It has been found that a system (1) of the present invention improves the solar energy (both photovoltaic and thermo) utilization rate together with water production efficiency (compared to known systems in the art).
In the context of the present invention, the wording ‘being in communication with’ refers to ‘being connected to’, ‘being coupled to’, ‘being in fluid communication’, or, ‘being in fluid connection’, so as to allow fluids to circulate in (through) the system.
The forward osmosis unit (2) is provided for transporting water from the environment through a semipermeable membrane (3) by osmotic pressure.
A suitable semipermeable membrane (3) for use in the forward osmosis unit (2) of system (1) of the invention will be apparent for those skilled in the art.
The feed side (4) of forward osmosis unit (2) is configured for receiving a feed solution stream (10) comprising water (through the feed side inlet (6)) and having a first osmotic pressure.
The draw side (5) of forward osmosis unit (2) is configured for receiving a draw solution stream (11) comprising a draw solute (through the draw side inlet (8)) and having a second osmotic pressure.
Advantageously, the second osmotic pressure is higher than the first osmotic pressure.
Advantageously, the feed solution stream (10) comprises (contaminated) water from nature.
More advantageously, the feed solution stream (10) comprises (contaminated) water from any surface water or ground water.
Even more advantageously, the feed solution stream (10) comprises (contaminated) water from a sea, lake, river, channel, solar pond, reservoir, underground, or waste water.
The draw solution comprising the draw solute is being circulated in (through) the system (1) of the invention.
Advantageously, the draw solution comprising the draw solute is being circulated through a hydraulic circuit comprising tubes and at least one pump.
More advantageously, the system (1) comprises at least one pump being adapted for pumping the draw solution comprising the draw solute through the system (1) (allowing the draw solution to circulate in (through) the system (1)).
Alternatively, the at least one solar panel (13) itself provides a source of electrical energy for pumping the draw solution comprising the draw solute through the system (1) (allowing the draw solution to circulate in (through) the system (1)).
Advantageously, the draw solute in the draw solution stream (11) comprises a temperature sensitive hydrogel (or temperature sensitive copolymer).
In the context of the present invention, a temperature sensitive hydrogel refers to a thermosensitive hydrogel or a temperature responsive hydrogel. In other words, depending on the temperature of the solution comprising the hydrogel (being mixed with water in the solution), the hydrogel is (partially) hydrophilic (being (partially) dissolved in water) or (partially) hydrophobic (being (partially) un-dissolved in water) (i.e. depending on the temperature of the solution comprising the hydrogel, the hydrogel is hydrophilic or hydrophobic to some extent).

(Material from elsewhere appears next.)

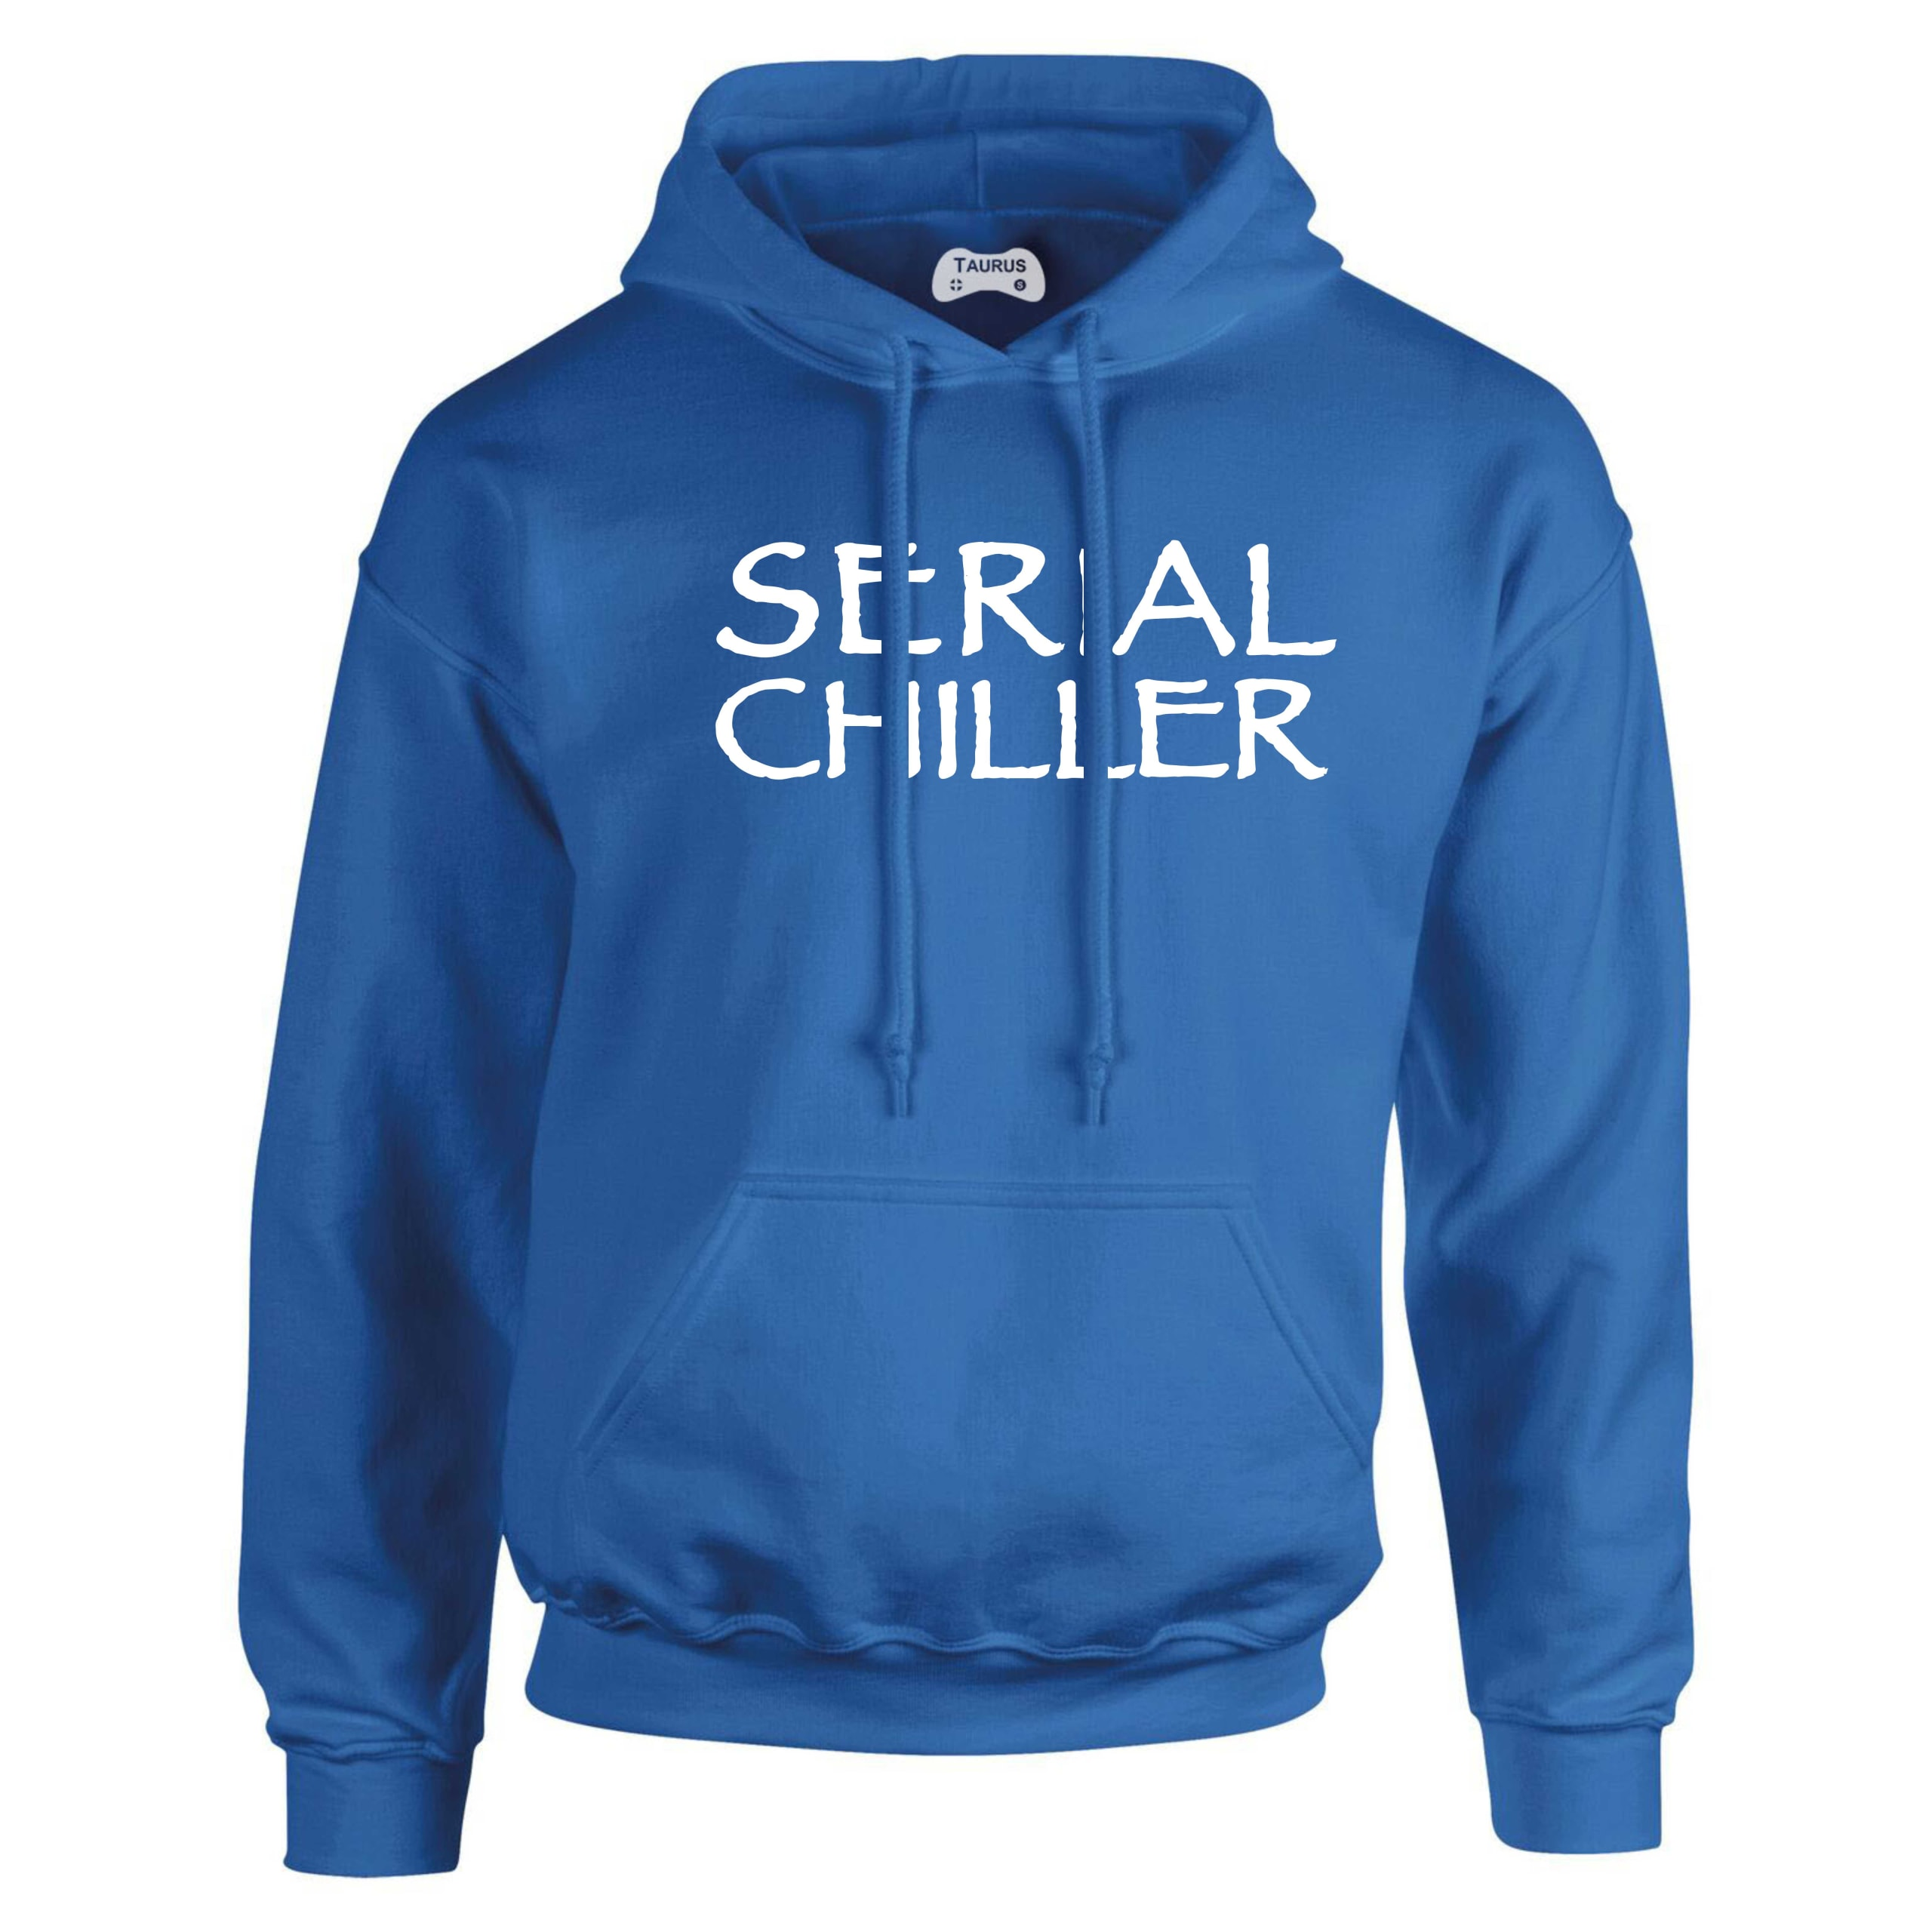 Serial Chiller Hoodie

More specifically, increasing the temperature of the solution comprising the hydrogel to 30° C. or above, the hydrogel becomes more hydrophobic (i.e. changes from being hydrophilic to become more hydrophobic).
More advantageously, the hydrogel is a polyaminoacid derivative.
Even more advantageously, the hydrogel comprises poly(N-iso-propylacrylamide) (PNIPAAm), Poly(N,N-diethylacrylamide) (PDEAAm), or a combination thereof.
Advantageously, the system (1) comprises one, two, three, or more solar panel(s) (13).
Advantageously, the heat exchange tubing system (14) is attached underneath the at least one solar panel (13).
In other words, in the invention, the heat exchange tubing system (14) is attached to the back side (i.e. the back or non-illuminated surface) of the solar panel (13), the heat exchange tubing system (14) being in contact with the (back side of the) solar panel (13).
In the present invention, the heat exchange tubing system (14) is configured for exchanging heat (due to thermal conductivity) between the solar panel and the diluted draw solution stream (12) passing through the heat exchange tubing system (14).
More particularly, the heat exchange tubing system (14) serves as a cooling system for cooling down the ((elevated or high) temperature of the) solar panel (13) and heating the diluted draw solution stream (12) passing through the heat exchange tubing system (14) so as to form a heated draw solution stream (22).
Cooling down the ((elevated or high) temperature of the) solar panel (13) increases the photoelectrical conversion efficiency of the panel, and thus increases the output electrical power of the panel.
Advantageously, the heat exchange tubing system (14) comprises thermally-conductive metal tubes (or piping) attached to the back side of the solar panel (13).
Advantageously, the separation unit (17) comprises a means for settling, or a microfiltration membrane, a nanofiltration membrane, or an ultrafiltration membrane (for separating (filtering) the stream of heated draw solution (22) passing through the separation unit (17) into a stream of purified water (24) and a stream of recovered draw solution (23)).
Advantageously, a means for settling comprises a settling tank, a plate separator, or the like.
More advantageously, the separation unit (17) comprises an ultrafiltration membrane.
Alternatively, the separation unit (17) comprises a means for further heating the stream of heated draw solution (22) so as to evaporate (or vaporize) water from said stream (22) passing through the separation unit (17) (for separating said stream (22) into a stream of purified water (24) and a stream of recovered draw solution (23)).
Advantageously, said means for further heating the stream of heated draw solution (22) comprises a heat pump or another solar panel (further to the at least one solar panel (13) already provided in the system (1)).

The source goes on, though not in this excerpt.